Now in Foundry: IBM Granite 4.1, NVIDIA Nemotron Nano Omni, and Qwen3.6-35B-A3B
This week, Microsoft Foundry has introduced two significant model families, enhancing its reasoning capabilities across various areas including specialised speech, vision, general-purpose coding, and long-context analysis. Among these additions is the **IBM Granite 4.1** family, featuring ten models: six large language models (LLMs) across sizes of 3B, 8B, and 30B, available in both full-precision and FP8 formats. There’s also a dedicated safety model, a vision-language model intended for document extraction, and a multilingual speech recognition model. Additionally, **NVIDIA’s Nemotron-3-Nano-Omni-30B-A3B-Reasoning** offers multimodal functionality, accommodating video, audio, image, and text through a 31B Mamba2-Transformer Hybrid Mixture-of-Experts (MoE) structure, which engages only 3B parameters per forward pass; the FP8 variant is spotlighted here. **Qwen3.6-35B-A3B** has been crafted for advanced agentic coding in open models, retaining context over conversations with an expandable context window of up to 1 million tokens.
Model Specifications
- Parameters / size: 30B (the flagship of the Granite 4.1 family)
- Context length: 131,072 tokens
- Primary task: Text generation (multilingual instruction following, retrieval-augmented generation, tool calling, coding, summarisation)
What’s Compelling About This Release
- The Granite 4.1 range introduces ten models to Microsoft Foundry, with the LLM sequence incorporating granite-4.1-3b-instruct, granite-4.1-8b-instruct, and granite-4.1-30b-instruct, all with FP8 variations.

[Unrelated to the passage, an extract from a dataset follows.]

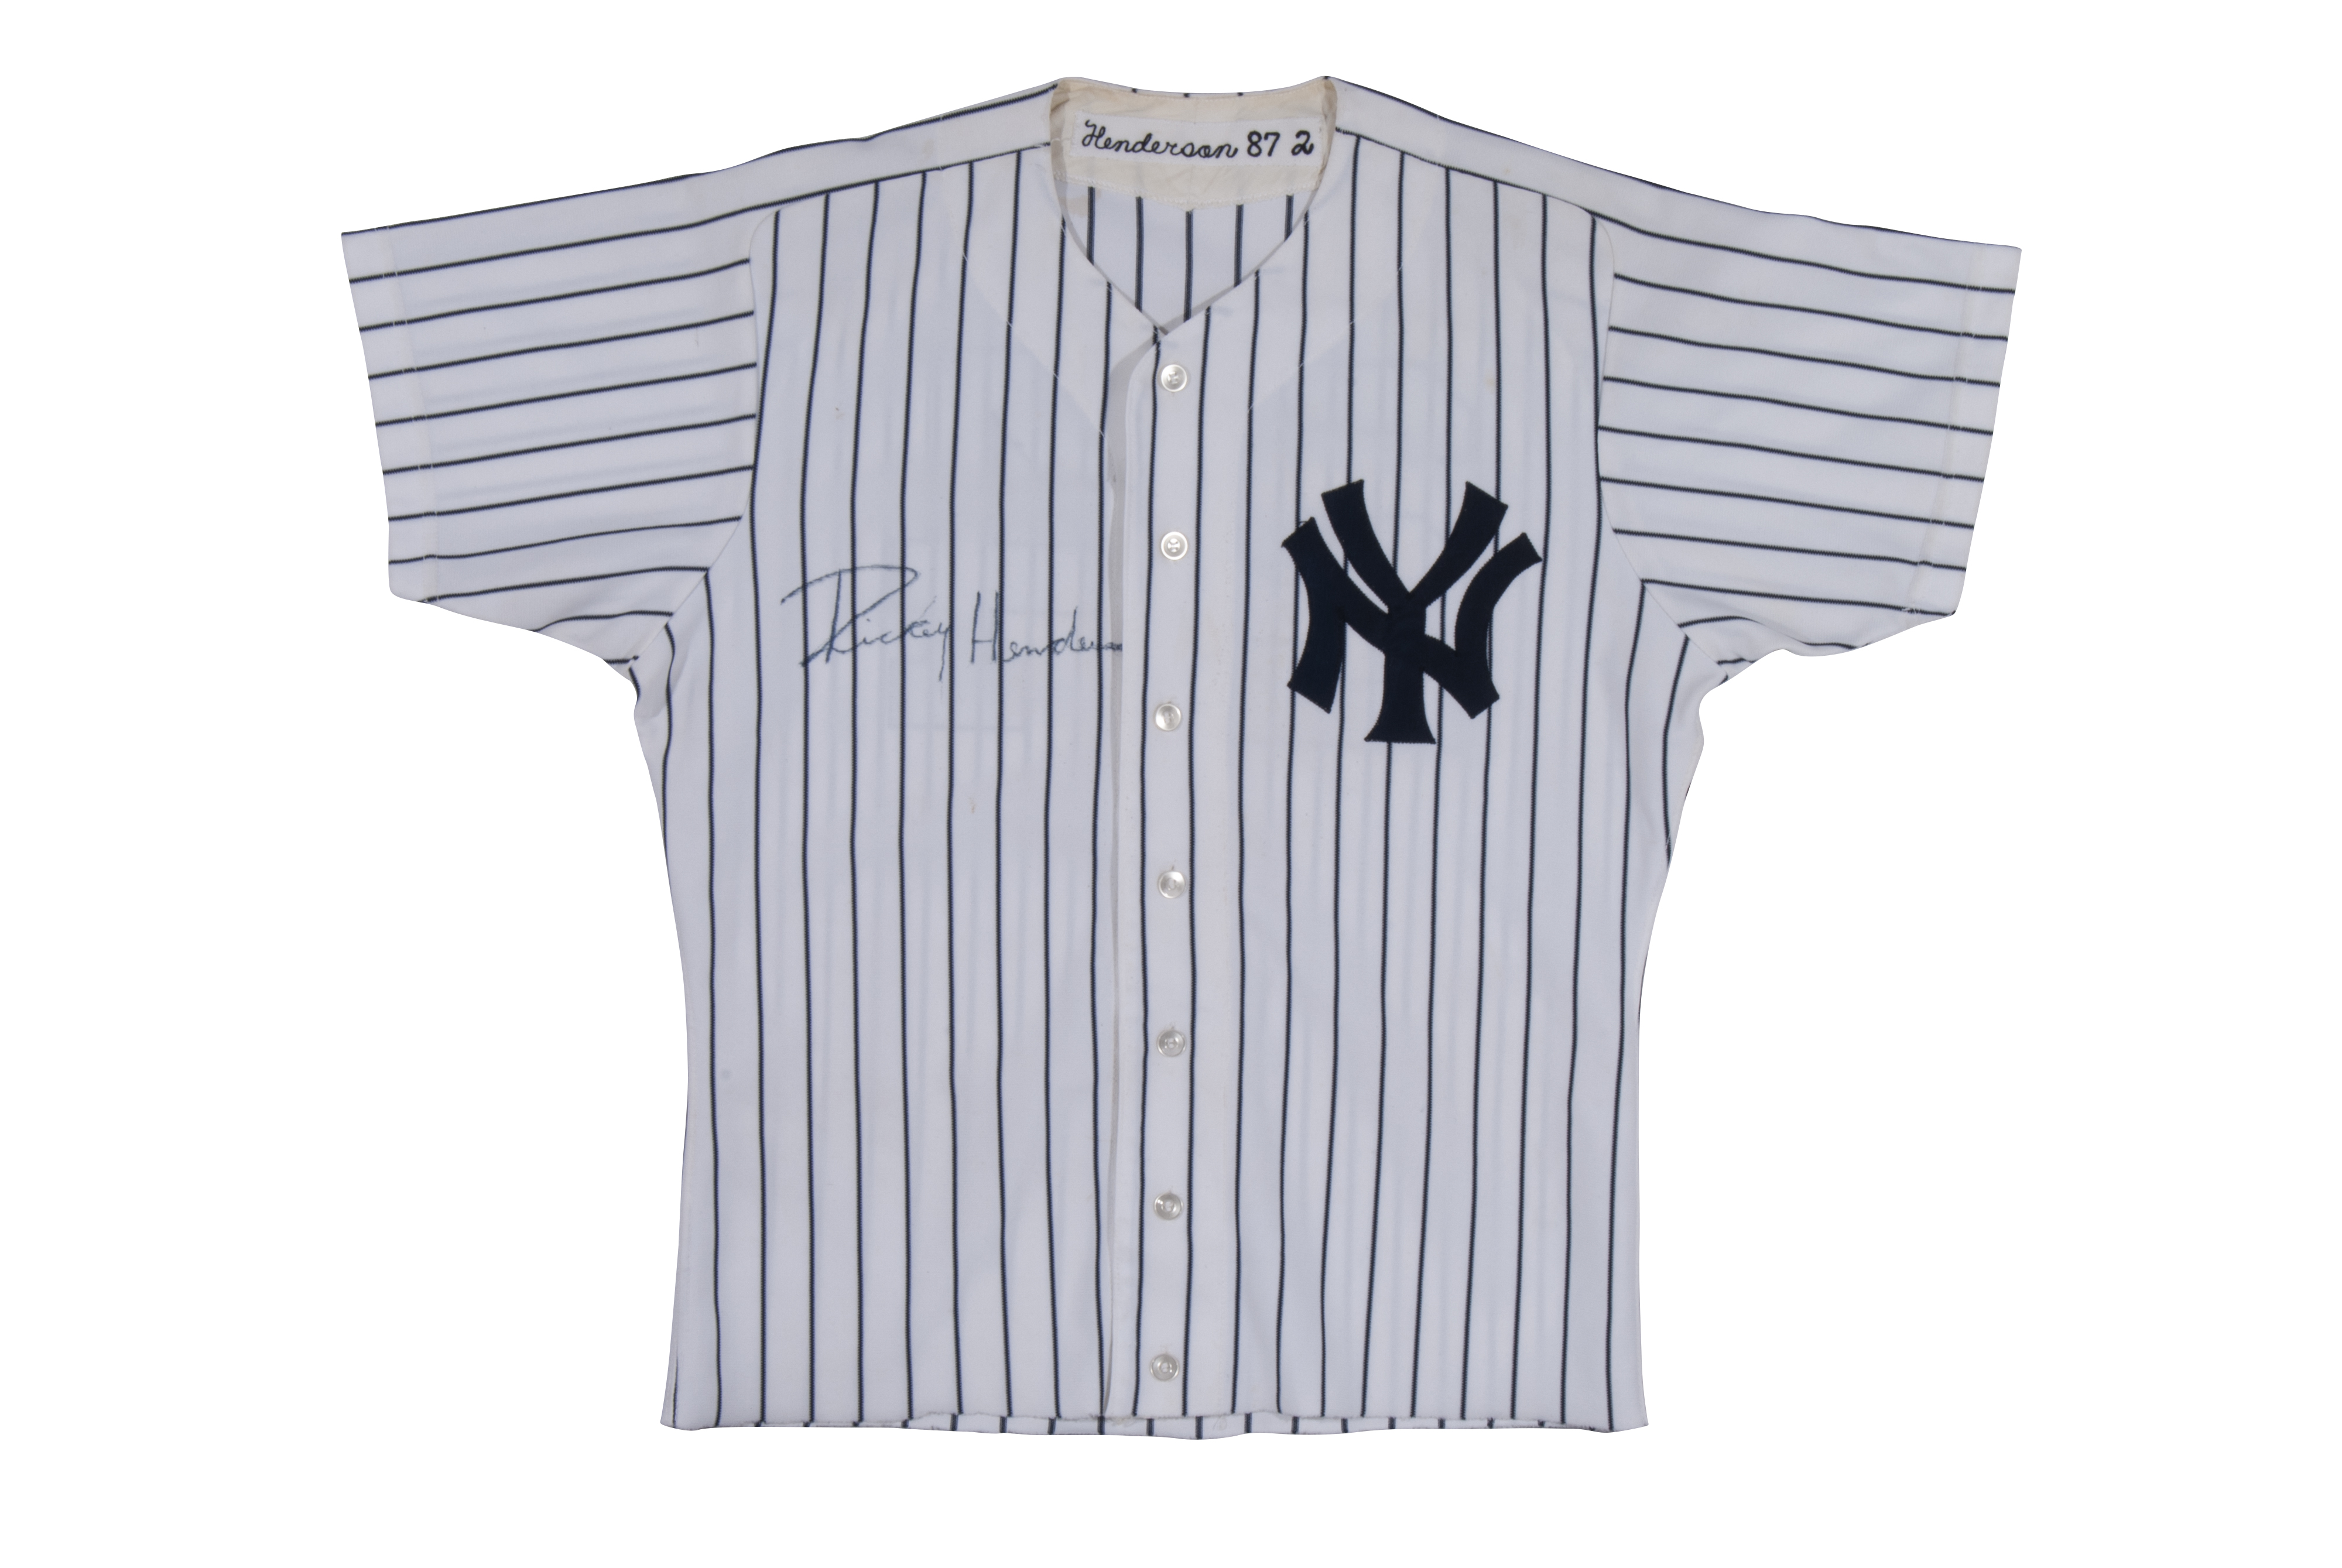 Rickey Henderson Autographed P/S New York Yankees Jersey- JSA W

It also includes granite-guardian-4.1-8b for safety measures, granite-vision-4.1-4b for understanding documents and charts, and granite-speech-4.1-2b for multilingual speech transcription. This comprehensive stack enables teams to efficiently mix and match different model sizes and modalities from one provider.
- Notable instruction-following and reasoning performance at the 30B scale: granite-4.1-30b-instruct achieves scores of 80.16 on MMLU, 64.09 on MMLU-Pro, 83.74 on Big-Bench Hard, 77.80 on AGI Eval, 45.76 on GPQA (a graduate-level science reasoning benchmark), and an average of 89.65 on IFEval (instruction following). These impressive results stem from supervised fine-tuning and reinforcement learning aimed specifically at enhancing instruction compliance, tool calling accuracy, and long-context retention. (Check benchmarks here)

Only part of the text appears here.